Powered by Blogger.

Sunday, 7 June 2020

Tag:

REMAJA TANGGUH TERLATIH PANDEMI


Pandemi Corona Virus Disease 2019 (Covid-19) telah membuat berbagai aktivitas-aktivitas yang semestinya dianggap mainstream menjadi aktivitas-aktivitas yang ekstrim jika dilakukan. Memang sulit untuk diterima ketika kita harus menuruti himbauan pemerintah untuk meninggalkan kebiasaan-kebiasaan yang bahkan telah auto-pilot bagi fungsi otak dan tubuh kita. Aktivitas-aktivitas biasa seperti berkumpul bersama teman-teman, pergi ke pasar, sekolah, ke tempat wisata, bersalaman bahkan sholat berjamaah telah menjadi aktivitas yang ekstrim jika kita tetap memaksa untuk melakukannya. Semua kalangan mengalami  dampak yang cukup signifikan dari pandemi ini, tak terkecuali para remaja yang berstatus pelajar dan mahasiswa.

Selama lima sampai dengan enam hari dalam satu minggu, remaja-remaja ini biasanya mempunyai kehidupan yang cukup berat namun pula menyenangkan bersama keluarga baru yang sebaya mereka. Interaksi remaja di kehidupan sekolah, kampus, pesantren, dan lainnya adalah masa-masa yang harus mereka lewati dalam membentuk kemampuan sosial diantara mereka. Memang terkadang pelajaran-pelajaran yang diberikan membuat remaja-remaja ini jenuh. Pada kenyataannya hari libur dan jam kosong merupakan oase ditengah gurun bagi sebagian dari mereka. Ketika pengumuman pemerintah mengenai peliburan sekolah, kampus, dan sektor lainnya, oase yang mereka rasakan selama ini telah berubah menjadi sungai yang mengalir begitu deras. Keharusan untuk cemas dalam situasi ini malahan tidak berlaku bagi sebagian dari remaja-remaja ini.
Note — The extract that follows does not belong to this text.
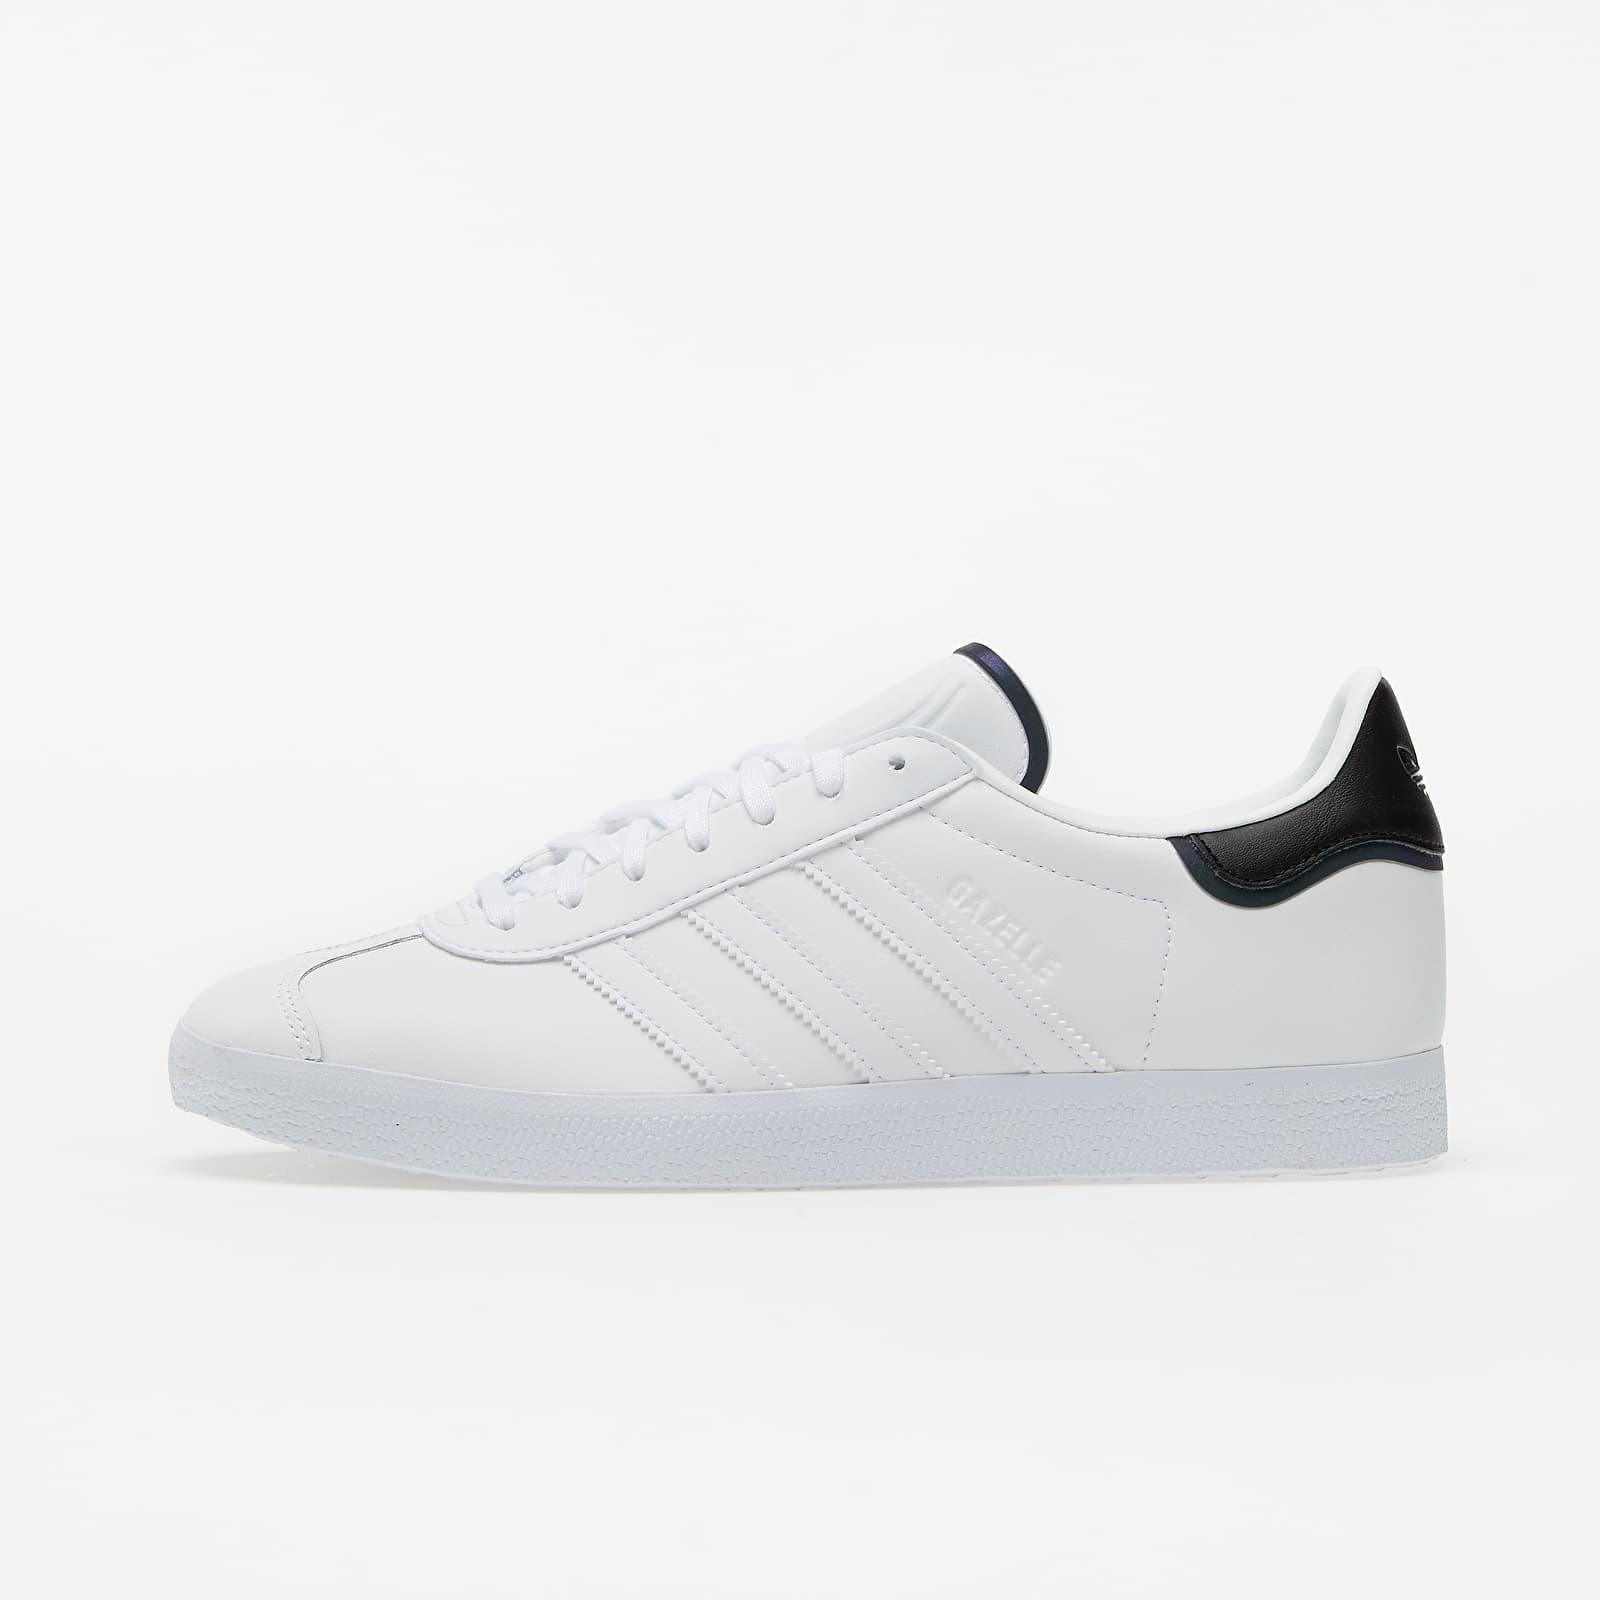 Muške tenisice adidas Gazelle Ftw White/ Ftw White/ Core Black

Pandemi ini telah menawarkan waktu bersantai yang cukup lama bagi remaja-remaja ini. Banyak hal yang dilakukan dimasa hadiah libur pandemi ini. Kebanyakan dari mereka berusaha untuk melakukan interaksi dengan cara baru. Bahkan menurut hasil riset yang disampaikan Head of Content and User Operations TikTok Indonesia, aplikasi video pendek TikTok mencatat kenaikan pengguna  di Indonesia sekitar 20% selama pandemi corona dibandingkan biasanya.  Begitupun media sosial, aplikasi online meeting dan game online juga mengalami peningkatan signifikan. Untuk anak di pedesaan, memancing ke sungai dan berkebun juga merupakan alternatif dalam menghadapi masa-masa sulit ini. Namun kebanyakan semuanya dilakukan serba online, belajar sendiri dirumah dengan paket internet bulanan di android  masing-masing.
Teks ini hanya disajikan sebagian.